Because we want to deploy without downtime, we already deploy fields with null=True
, and add a backfill later. The issue I'm trying to point out here is that with default=a_value
set (even with null=True
) we still hit an issue because Postgres backfills defaults into existing rows when a column is added (even if the column is nullable). I am not aware of how other DB backends handle adding a column with DEFAULT
+ NULL
set.
Our conclusion is that any AddField
with a default
set cannot be accomplished without downtime in a production system (similar to a non-null field), so we've written the following check for our migrations:
from django.db.migrations.operations.fields import AddField from django.db.models.fields import NOT_PROVIDED from django.db.models.signals import pre_migrate def check_migration_safety(**kwargs): # `plan` is not part of the public API and is subject to change in later # versions of Django. plan = kwargs['plan'] for migration_cls, rolled_back in plan: # Check if this is going forwards or rolling back a migration. if not rolled_back: for operation in migration_cls.operations: if isinstance(operation, AddField): description = "{migration!r} model '{model}' field '{field}': ".format( migration=migration_cls, model=operation.model_name, field=operation.name, ) if not operation.field.null: raise ValueError(description + "do not add new non-nullable columns") if operation.field.default != NOT_PROVIDED: raise ValueError(description + "do not set a default when adding columns") pre_migrate.connect( check_migration_safety, dispatch_uid="operations.check_migration_safety", )
comment:3 by , 8 years ago
Component: | Database layer (models, ORM) → Migrations |
---|---|
Type: | Uncategorized → Cleanup/optimization |
If a model field default
is added after adding a nullable field, does it have the same issue? For example:
migration one:
adding foo = models.NullBooleanField()
ALTER TABLE "t28273_test" ADD COLUMN "foo" boolean NULL;
migration two:
changing to foo = models.NullBooleanField(default=True)
ALTER TABLE "t28273_test" ALTER COLUMN "foo" SET DEFAULT true; # does this cause the backfill problem?
ALTER TABLE "t28273_test" ALTER COLUMN "foo" DROP DEFAULT;
I'm trying to think of how to solve this by structuring migrations appropriately because I'm not seeing another elegant way forward.
comment:4 by , 8 years ago
Adding a default after the column was added does not seem to trigger a backfill. Like you're saying, creating two migrations doesn't cause this issue to appear (except when custom fields add a default, for example)

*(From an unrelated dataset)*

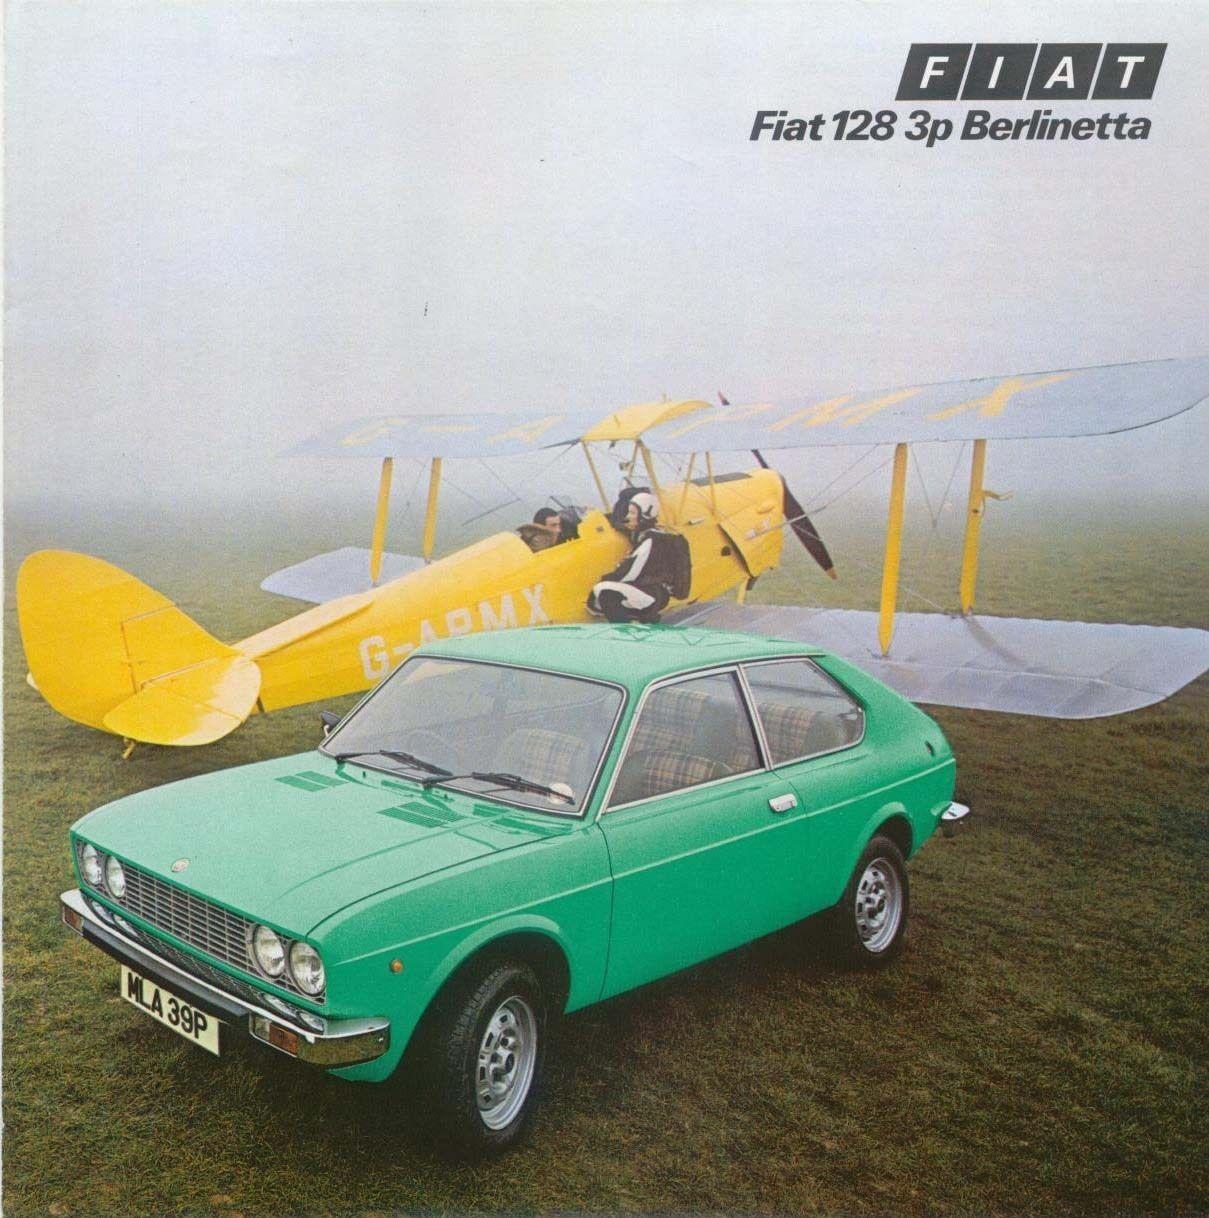 Fiat 128 Coupe Fiat 128 Fiat Cars Fiat

testing=# select * from t; a | b ----+--- hi | 3 hi | 4 hi | 5 (3 rows) testing=# alter table t add column c integer null; ALTER TABLE testing=# select * from t; a | b | c ----+---+--- hi | 3 | hi | 4 | hi | 5 | (3 rows) testing=# alter table t alter COLUMN c set default 3; ALTER TABLE testing=# select * from t; a | b | c ----+---+--- hi | 3 | hi | 4 | hi | 5 | (3 rows) testing=# alter table t add column d integer null default 10; ALTER TABLE testing=# select * from t; a | b | c | d ----+---+---+---- hi | 3 | | 10 hi | 4 | | 10 hi | 5 | | 10 (3 rows)
comment:6 by , 8 years ago
Component: | Migrations → Documentation |
---|---|
Summary: | Have a way to prevent adding columns with defaults in migrations → Document how to prevent adding columns with defaults in migrations |
Triage Stage: | Unreviewed → Accepted |
comment:7 by , 5 years ago
Owner: | changed from | to
---|---|
Status: | new → assigned |
Replying to Tim Graham:
Would documenting this solution be sufficient?

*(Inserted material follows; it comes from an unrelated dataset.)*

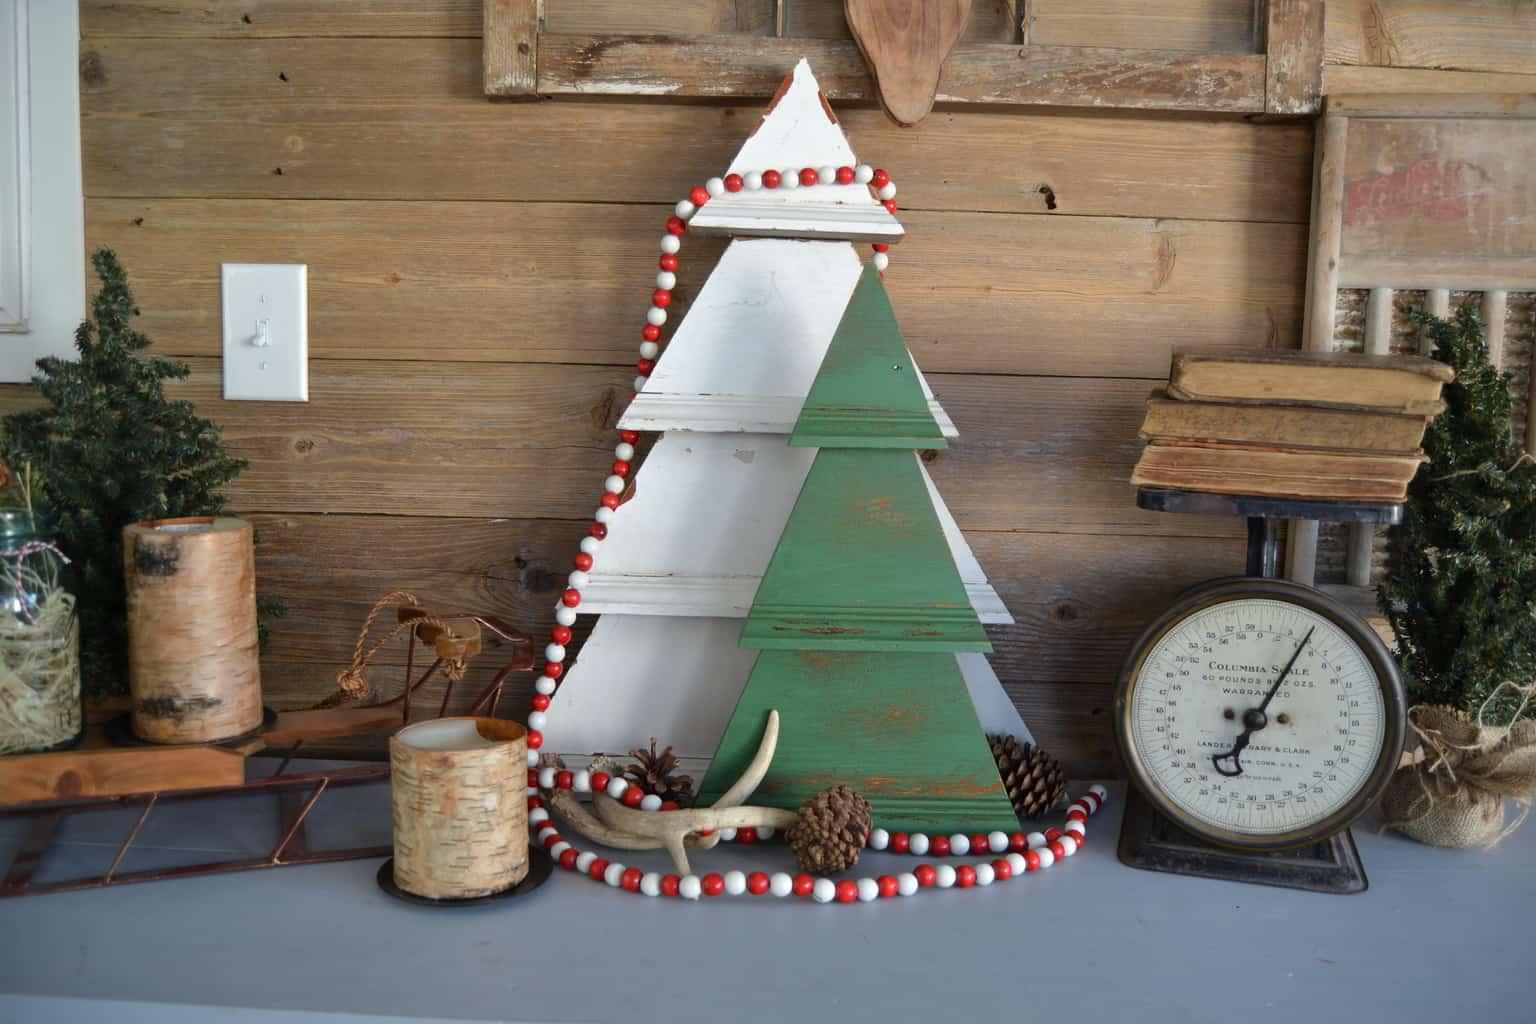 Rustic christmas decorations diy - Pin This Diy Rustic Christmas Tree Decoration

Where do you think the documentation for this could go?
Can't you accomplish this by adding the column as
null=True
, populating the values, then changing the column tonull=False
(similar to the Migrations that add unique fields howto)? I believe defaults should only be added when adding non-nullable columns -- if that behavior were changed, how would the non-null constraint be avoided?